• _Dataset excerpt_

>>>>

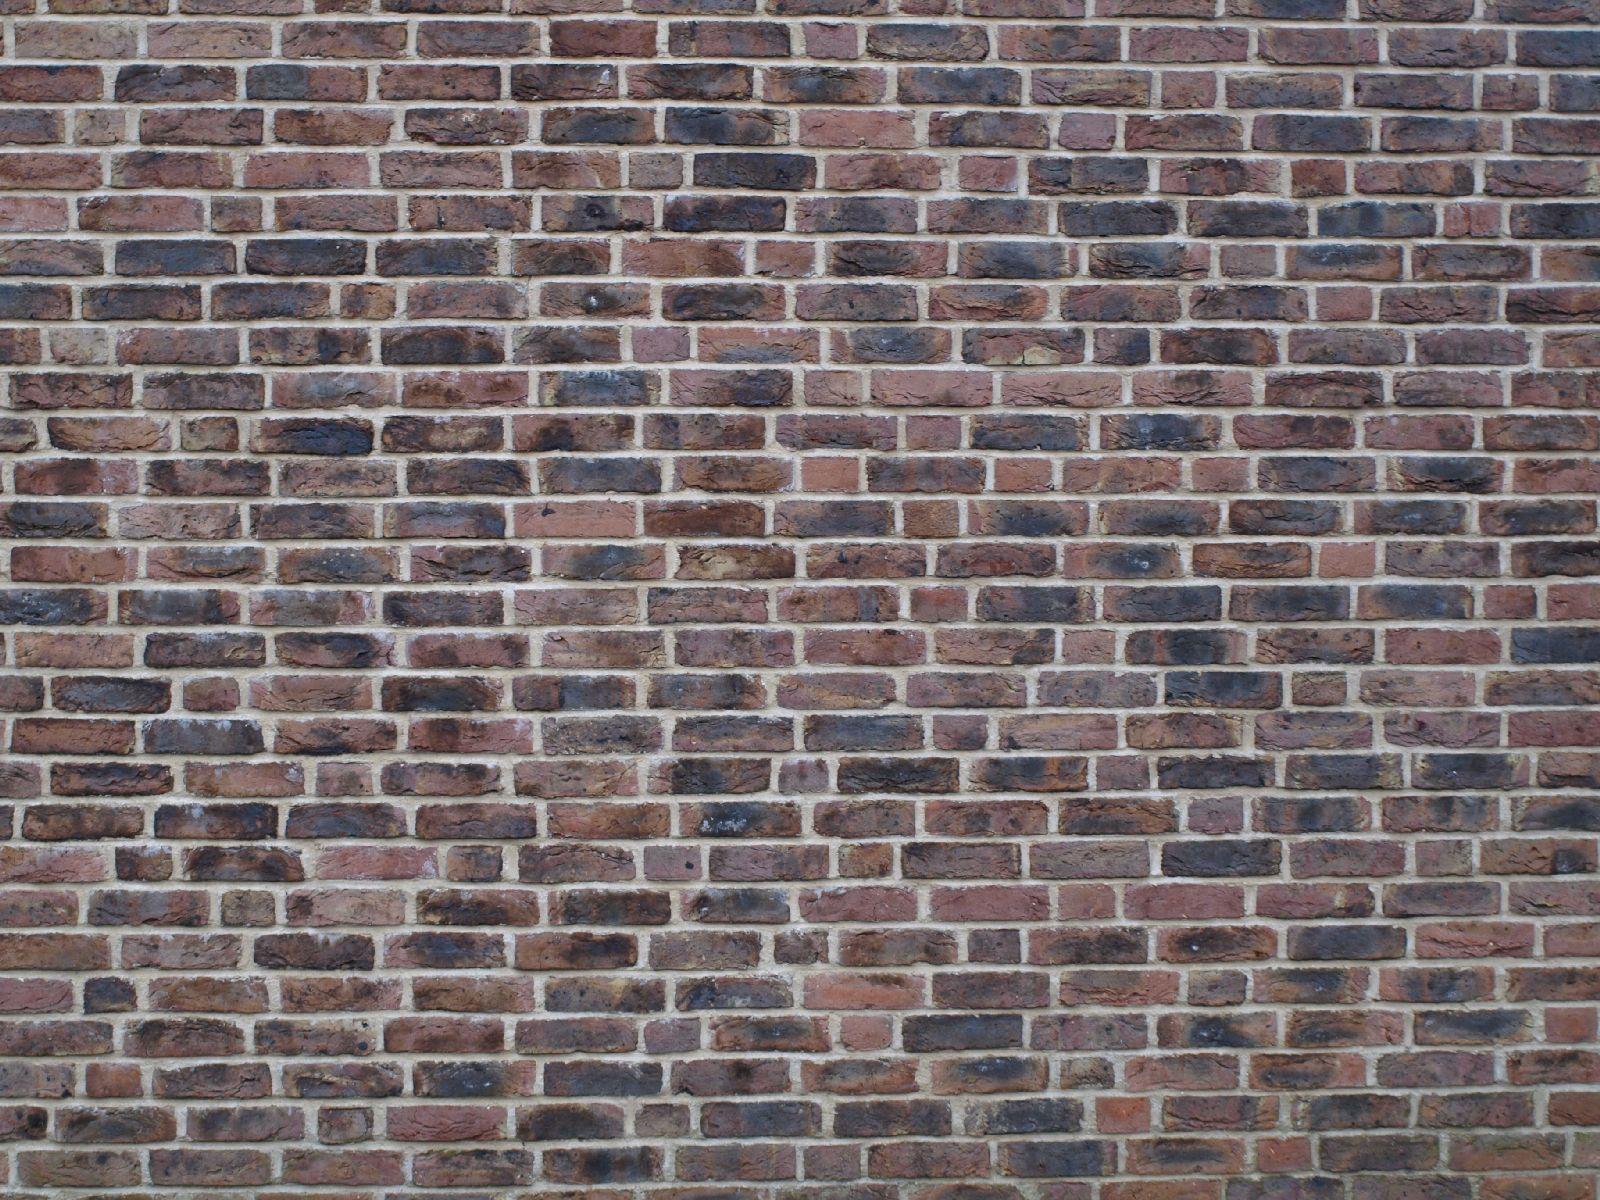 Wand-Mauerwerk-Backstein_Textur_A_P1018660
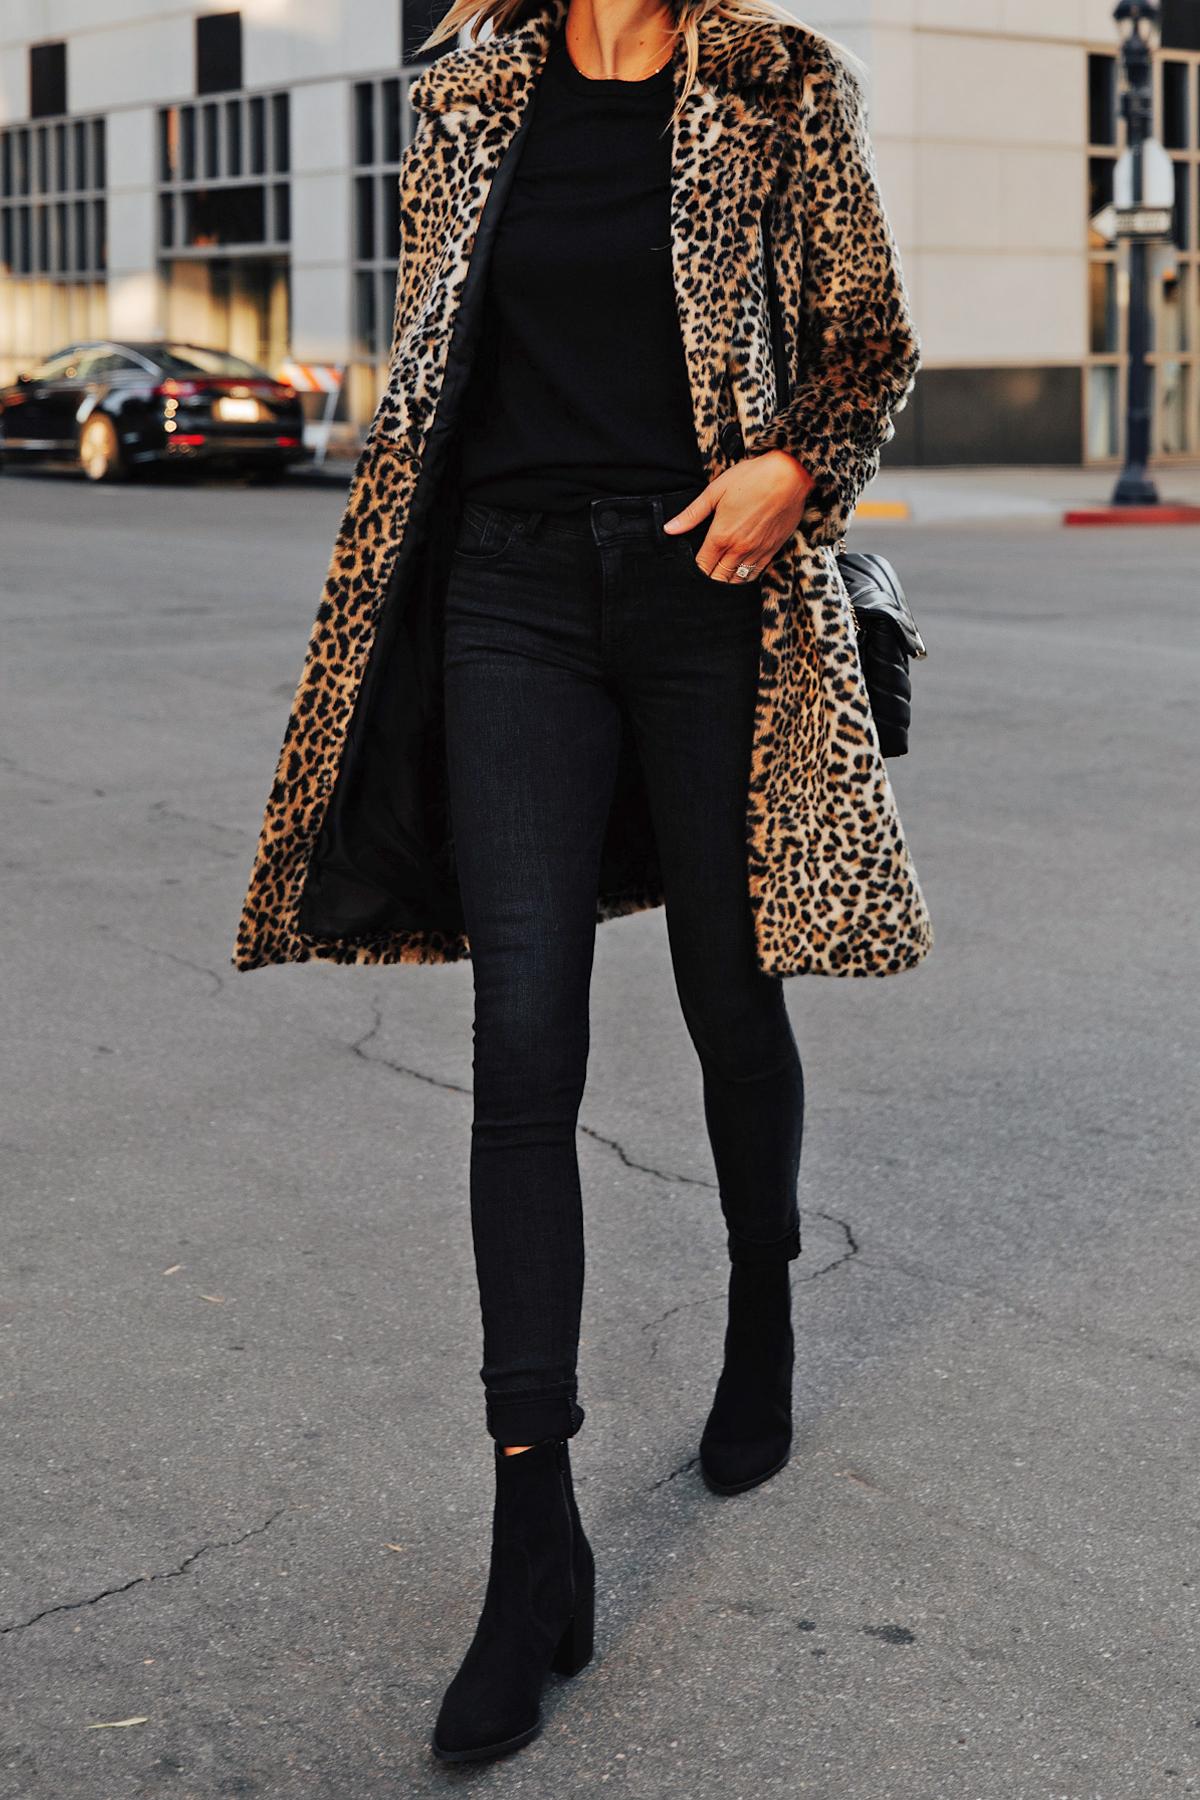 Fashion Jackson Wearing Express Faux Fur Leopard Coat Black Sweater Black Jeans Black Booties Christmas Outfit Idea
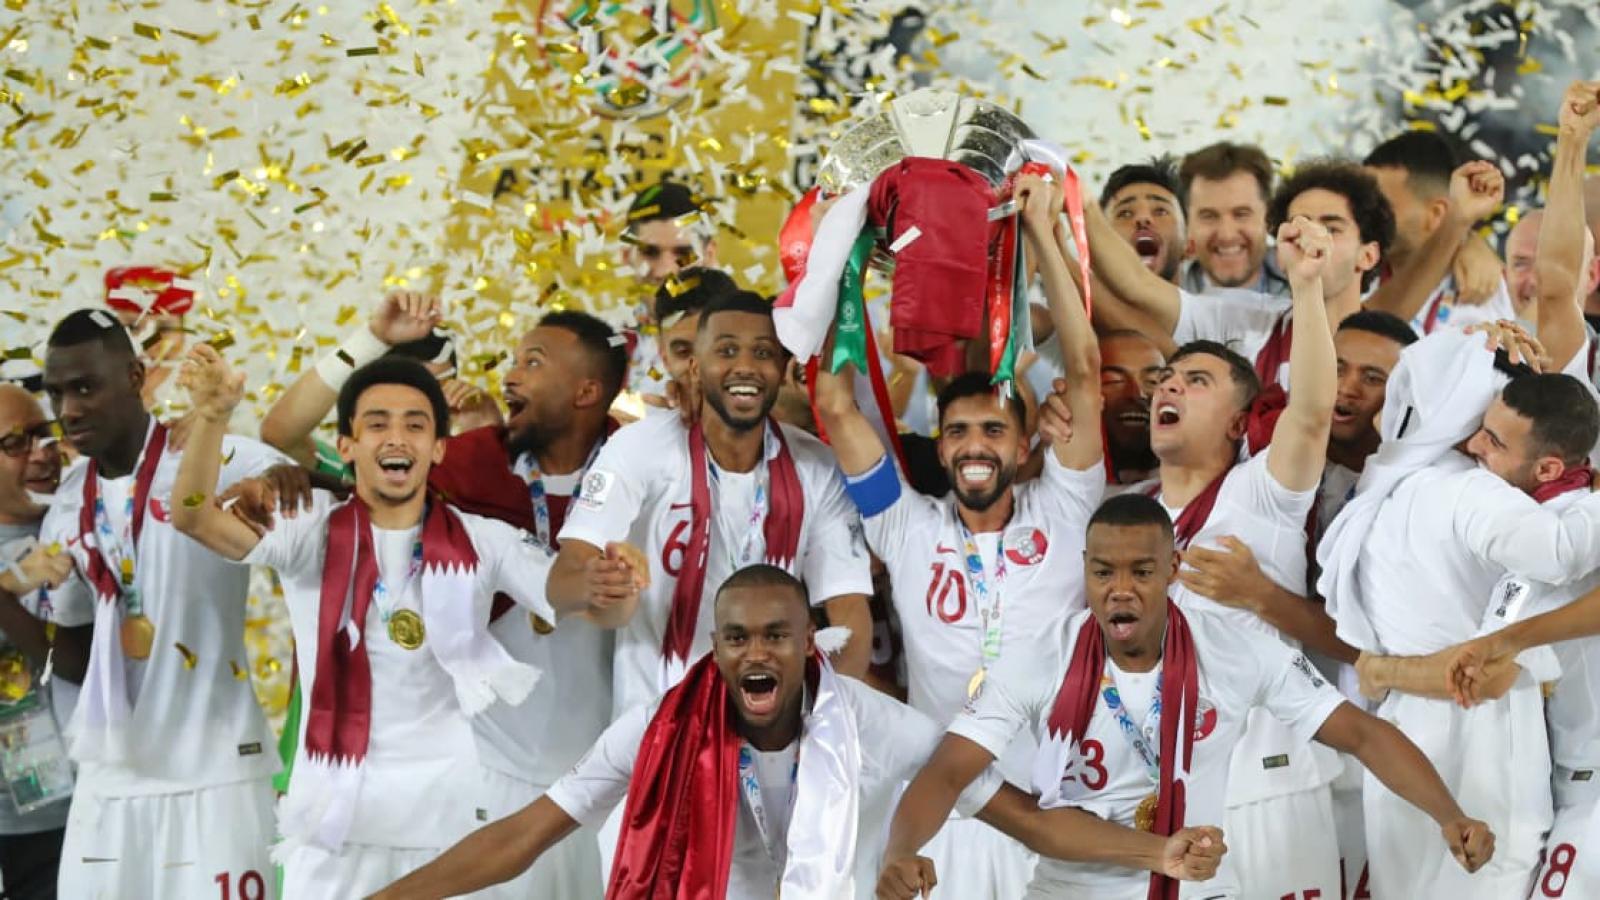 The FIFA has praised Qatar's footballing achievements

<<<<

• _What this task involves_
Each line of the data should be printed again exactly. Please leave pictures out.

• _Expected answer_
 Wand-Mauerwerk-Backstein_Textur_A_P1018660
 Fashion Jackson Wearing Express Faux Fur Leopard Coat Black Sweater Black Jeans Black Booties Christmas Outfit Idea
 The FIFA has praised Qatar's footballing achievements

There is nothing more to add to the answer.